To analyze the models with MultiPL-E, run one of the scripts in the 4-run-benchmarks folder, specifically 1_run_benchmark_fp16.sh or 2_run_benchmark_aqlm.sh. The first must be used to evaluate base models with their original precision, while the second is tailored for inference on AQLM quantized models.

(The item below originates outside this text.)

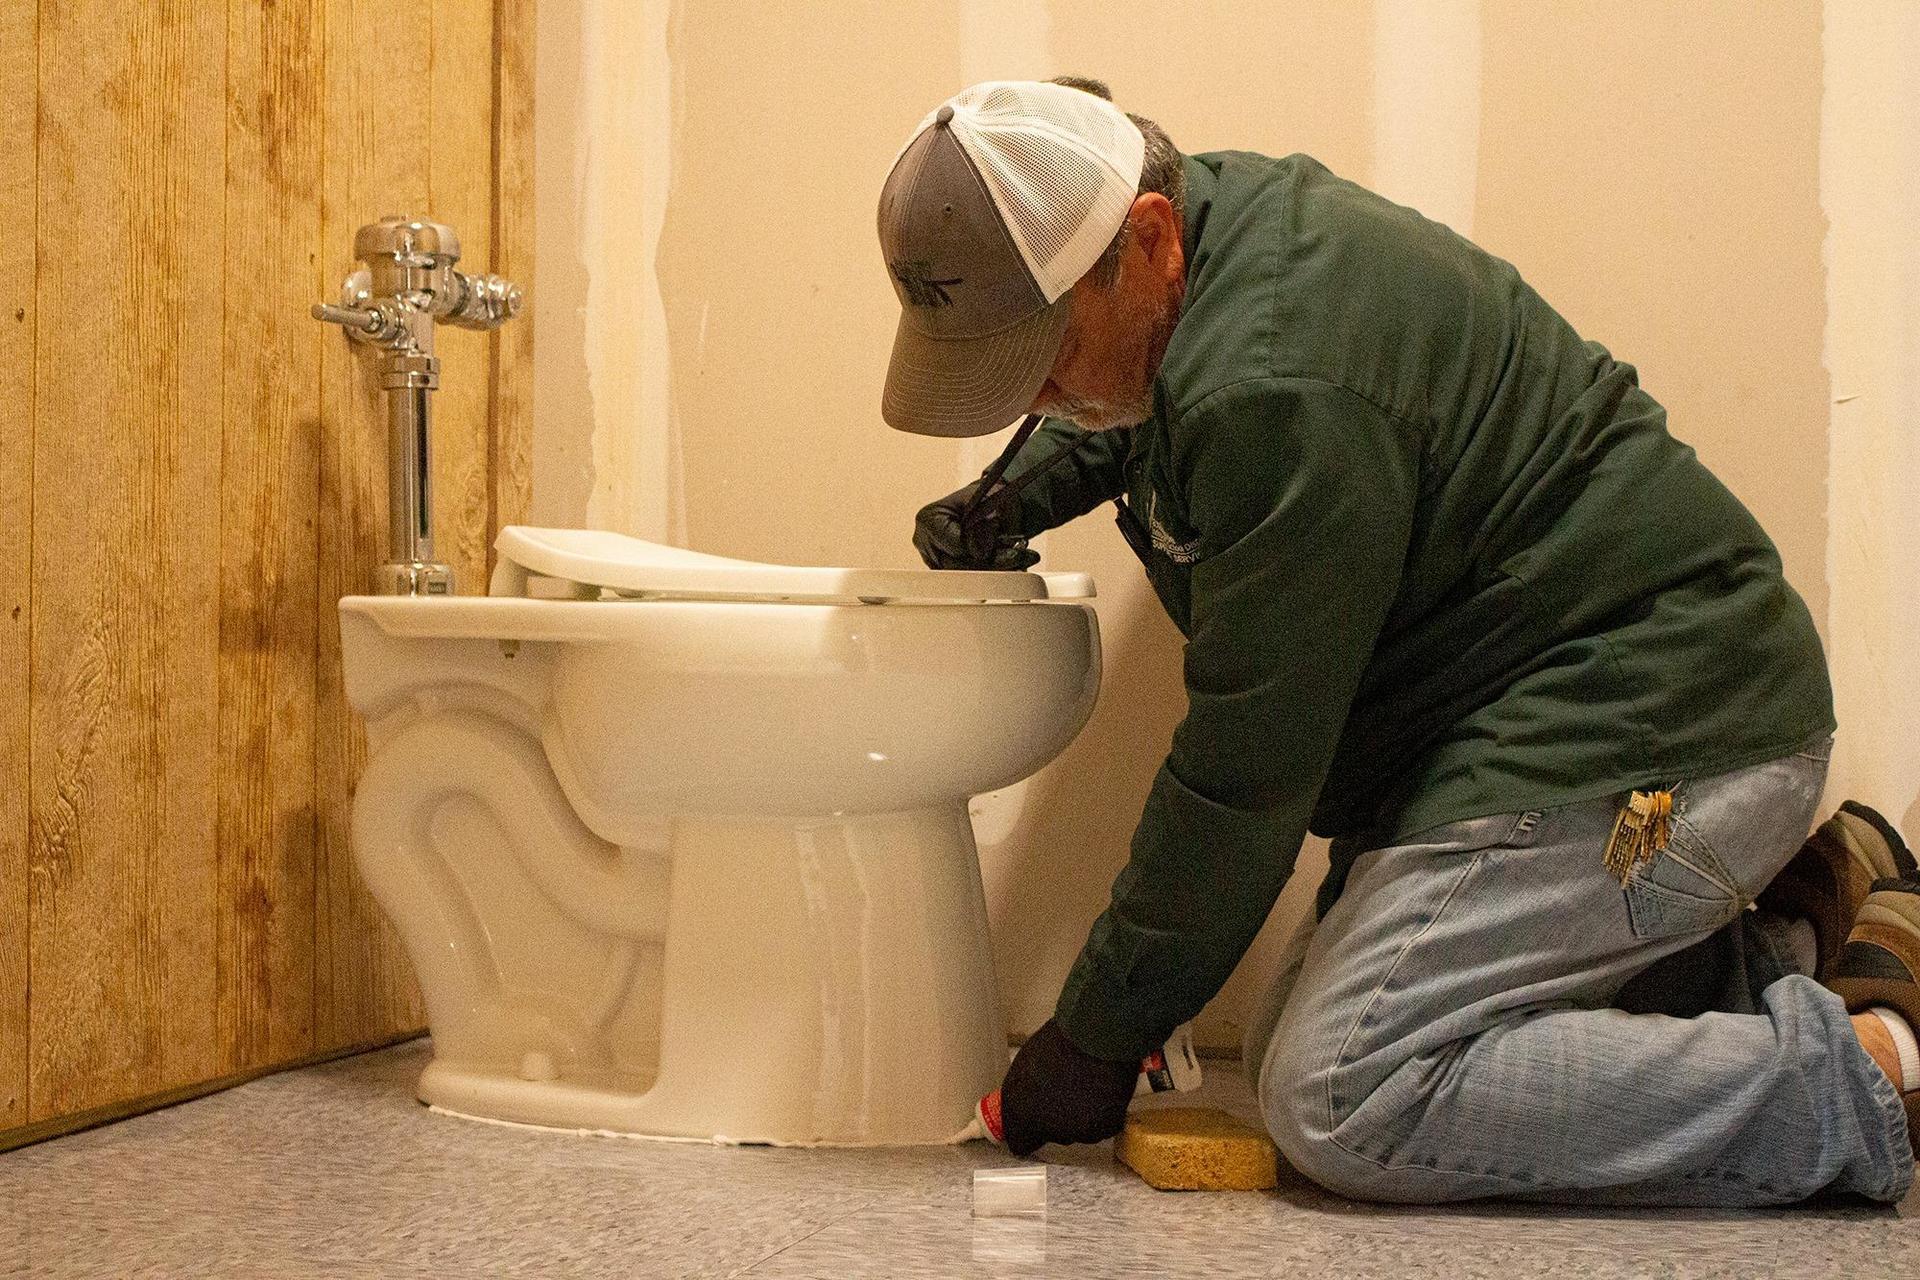 man installing toilet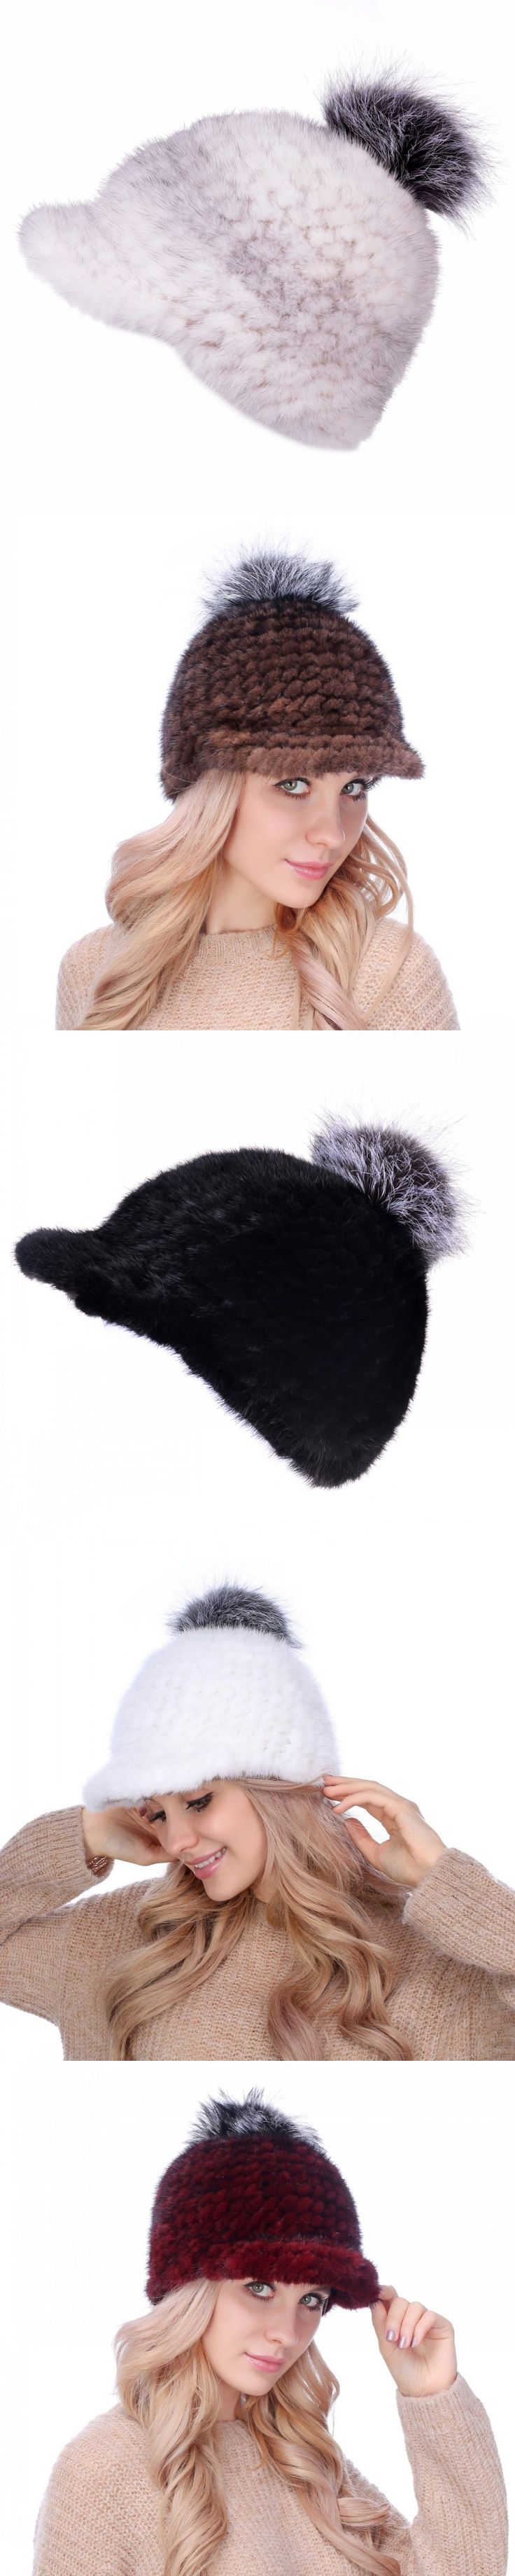 The new leisure mink hat Leather Hat Korean lady fox ball ball cap warm mink peaked cap

The parameters to provide to the scripts are as follows:

# Evaluate a model in its original precision
bash 1_run_benchmark_fp16.sh <LANGUAGE_INDEX> <MODEL_NAME_OR_PATH>

# Evaluate a model quantized with AQLM
bash 2_run_benchmark_aqlm.sh <LANGUAGE_INDEX> <MODEL_NAME_OR_PATH>
  • Language index: index of the language to analyze. Select 0 for Java and 1 for Python
  • Model name or path: model name on HuggingFace or path where the checkpoints are stored in the local machine

For example, to run the MultiPL-E benchmark for Java code on CodeLlama 7B, you must provide the following arguments:

# Evaluate CodeLlama 7B with its original precision
bash multipl-e/1_run_benchmark_fp16.sh  0  codellama/CodeLlama-7b-hf

This script will output the predictions of the model under the results_cleaned folder.